博士:実際には私のこのモデルの科学的な結果が出るには8年かかりました。私はすでに患者さんの治療をずっと行ってきていますが、その後この治療モデルがポジトロンCT(PET)で確認されました。
耳鳴りの患者さんの脳では情緒や感情を司る脳の部分である大脳辺縁系が過剰に反応していることが示されました。このことは、多くの人の驚きでした。耳鳴りは内耳道になすべき事は何もなくて、むしろ脳のある部分の問題だというのですから。この事実は、私にとっては明白なことだったのですが、当時の私の同僚達の間ではそう考える人間は少数派でした。
A.I.:それで、耳鳴りは生じている場所が間違っているのではと?
博士:TRT以前は、効果的な唯一の治療はマスカー療法でした。これは他の音で耳鳴りを覆ってしまう方法です。この方法は耳鳴り患者さんの10%近くに効果的でした。実際にHassel博士はマスカーを用いて効果を調べました。しかし、すぐに多くの患者さんでもっと悪くなる人がいることがわかりました。15年この治療を行っても全く改善しない患者さんが30人近くありました。Hassel博士がこれらの人にTRTを使い始めると、ちょうど1年くらいでかなり改善しました。
A.I.:どのように効くのですか?
博士:我々は3日間で集中的に教えます。その中には、耳鳴りはネガティブなものではないのだという具体的なアドバイスも含まれます。また、ガイダンスでは患者さんのどんな疑問にもはっきりとお答えします。
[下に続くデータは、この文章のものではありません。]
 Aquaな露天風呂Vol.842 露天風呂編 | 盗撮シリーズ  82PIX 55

そこでは、科学的な用語を用いずに、日常生活からの例を用いることが非常に重要です。
今、2mを超すような大きなコブラが部屋に居座っていると想像してください。もし、そのコブラは毒が抜かれており、安全だとわかったら私の方を集中して話を聞くことができますか?と患者さんに尋ねます。患者さんは、「とても無理です」と答えられます。人は危険があると分かっている部屋では、それに集中してしまいます。
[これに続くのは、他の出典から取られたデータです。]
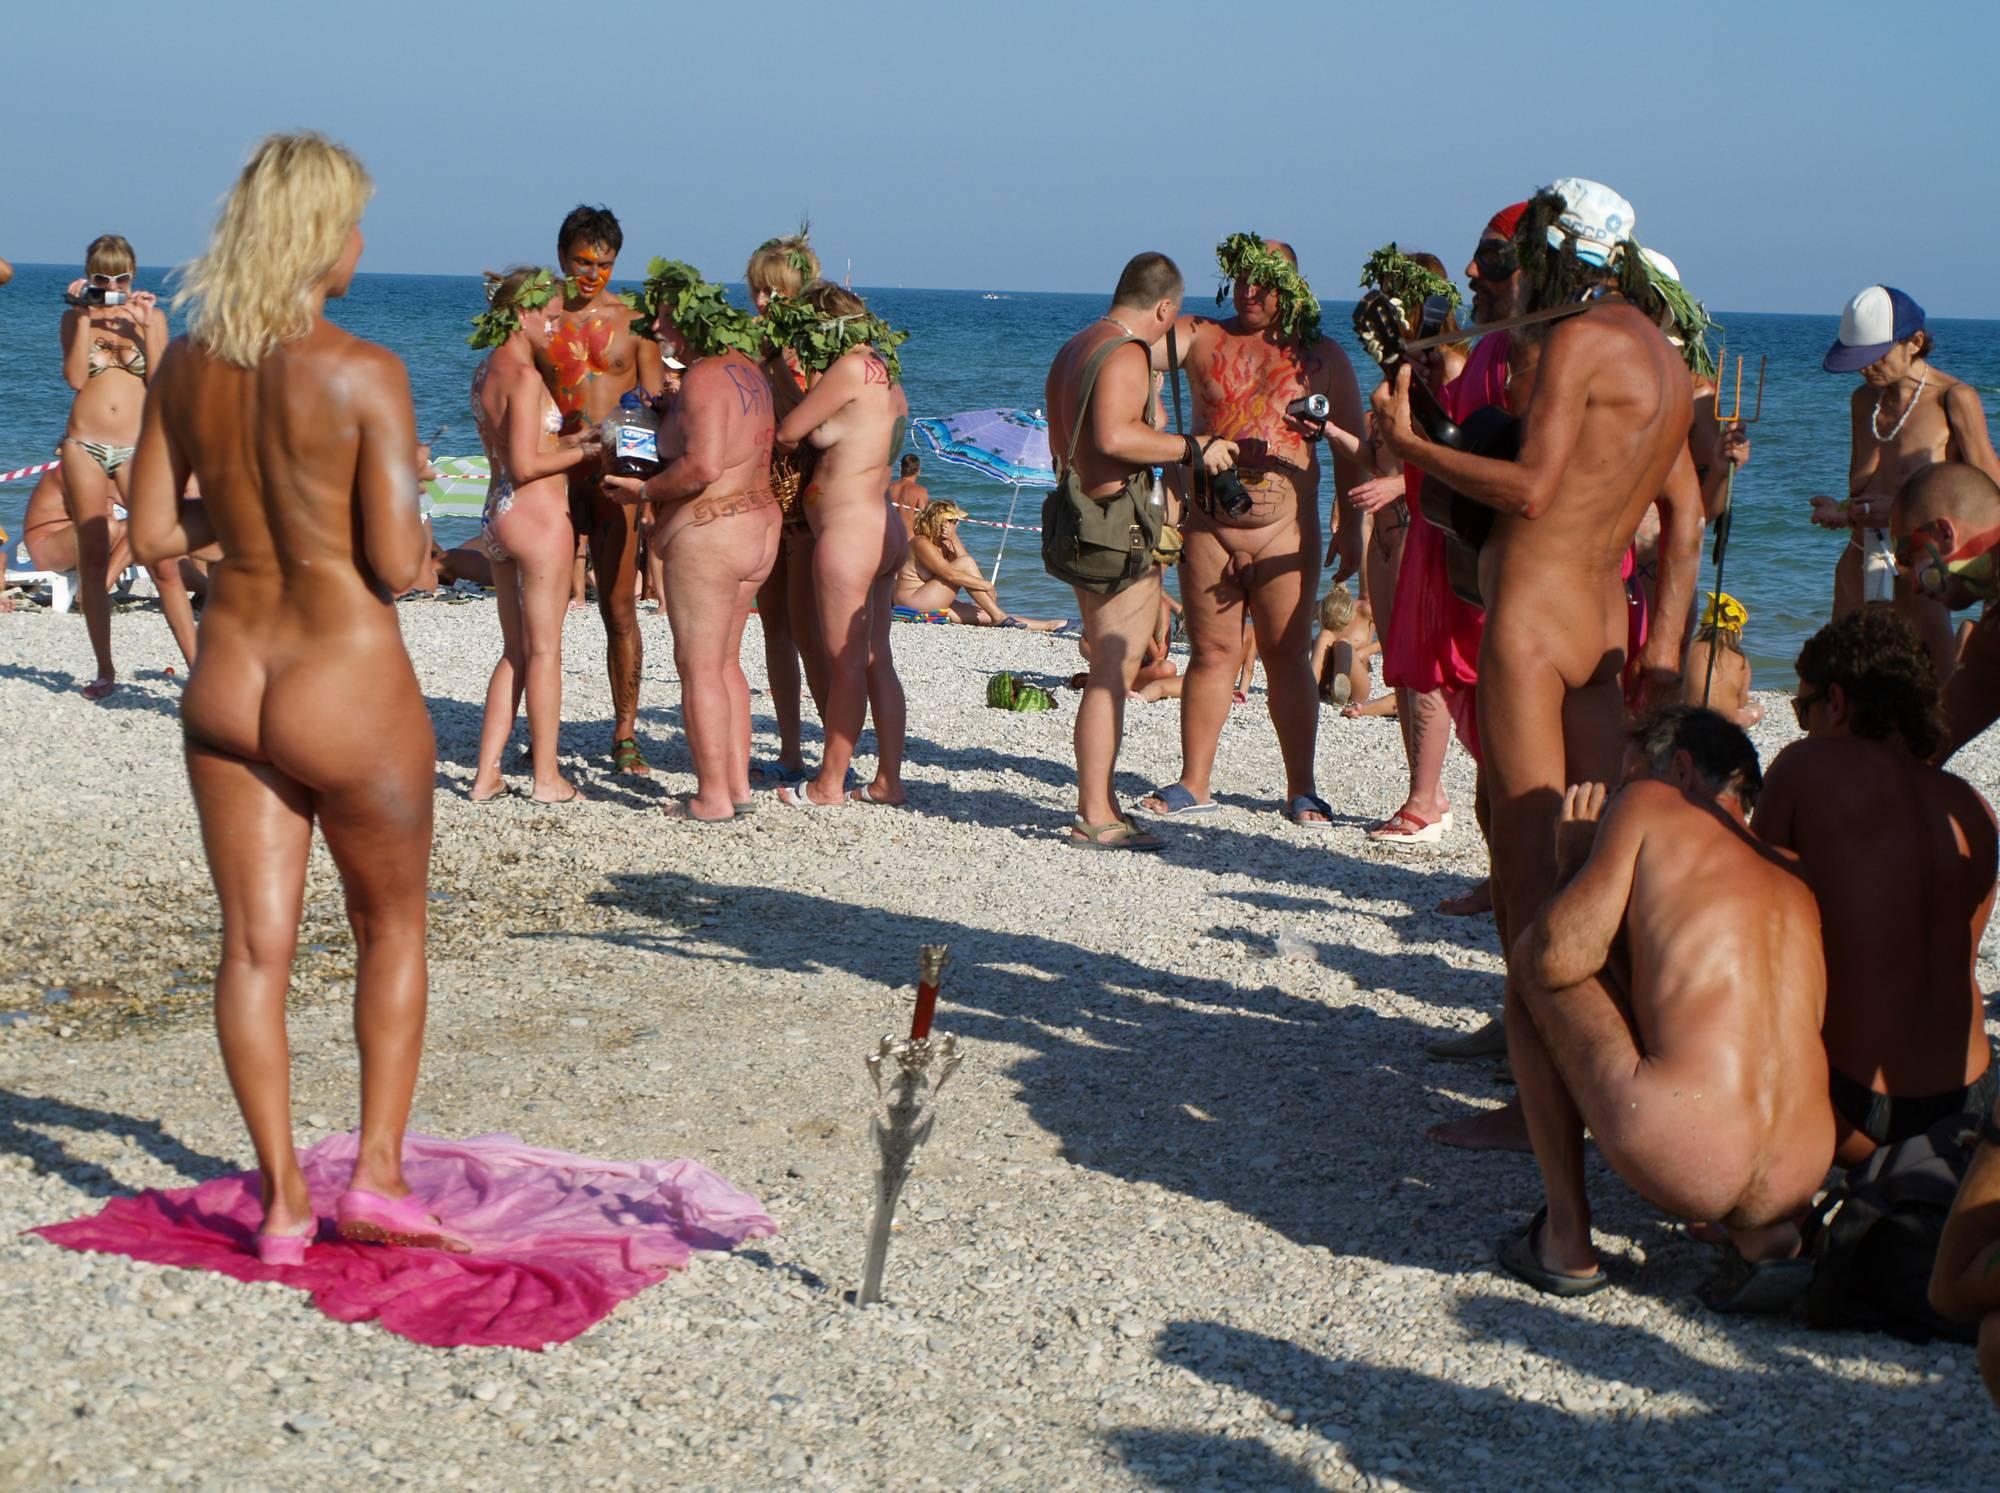 Pure Nudism Images Red Cape Naturist Escorts - 1

そこで今度は、そのコブラがおもちゃで、全く危険のないものだったらどうですか?と尋ねます。それでも、皆さんはネガティブな感情を抱いてしまいます。
A.I.;同じようなことが耳鳴りでも言えると?
博士:まさにそうです。多くの患者さんは、耳鳴りに何かしらのネガティブな感情を抱いています。患者さんは多くの場合、それまでにたくさんの医師に診てもらっています。そこで言われたことは、「あなたの耳鳴りにできることは何もありません」とか単に「これからの残りの人生を耳鳴りと付き合っていくのを学ばなければなりません」あるいは、「耳鳴りを”治す”方法はありません」といった様なものです。
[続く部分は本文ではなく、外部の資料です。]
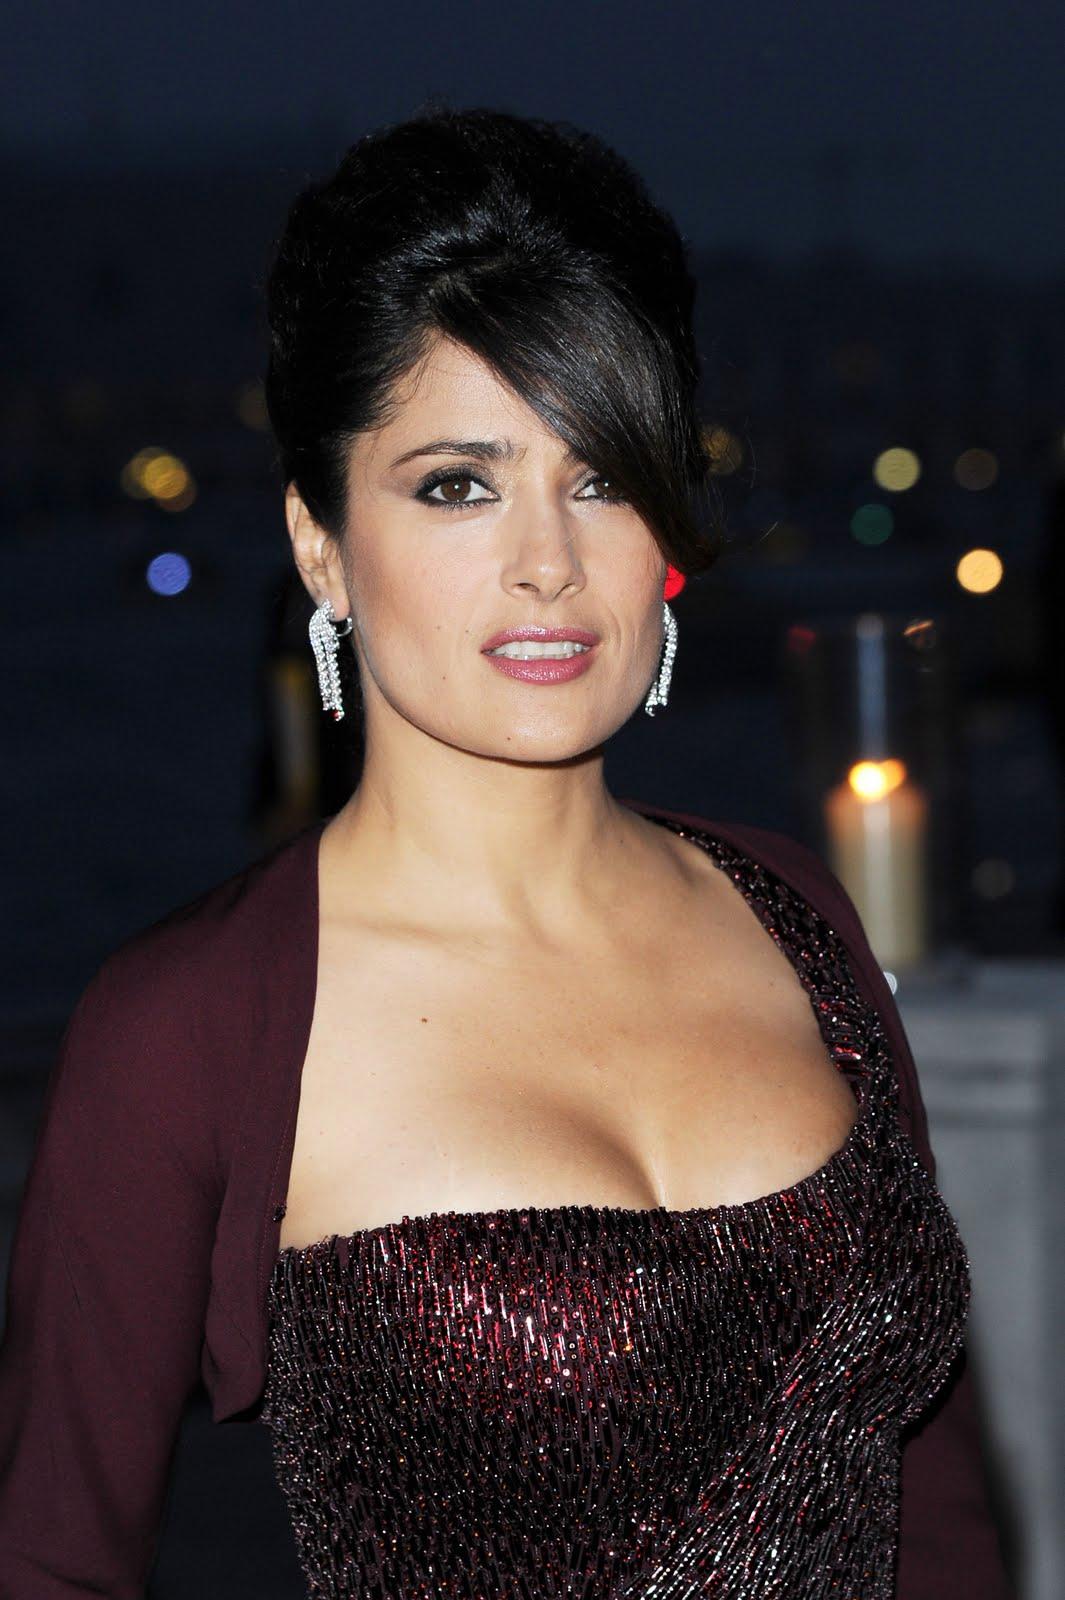 http://4.bp.blogspot.com/-CX1YYiRr4X0/Tl9hSgaQAOI/AAAAAAAAAbU/y9P2NJHtMjk/s1600/Salma-Hayek-pics-images-photos-pictures-videos-Actress-movies+%252813%2529.jpg

私は、「私の脳には欠陥がある」といい、完全にうちひしがれていた患者さんを知っています。彼は私のもとで約1年くらいで改善しました。
全世界を見渡しますと、耳鼻咽喉科医や他のヘルスケアの専門家、精神科医などもいつも同じように、「耳鳴りに対して何もすることができない。これからの人生、耳鳴りと付き合っていくすべを学んでください」と言います。これは、全く間違っています。
耳鳴りはネガティブなものではありません。あなたの脳に問題があるわけでもなければ、このまま耳が聞こえなくなってしまうというものではありません。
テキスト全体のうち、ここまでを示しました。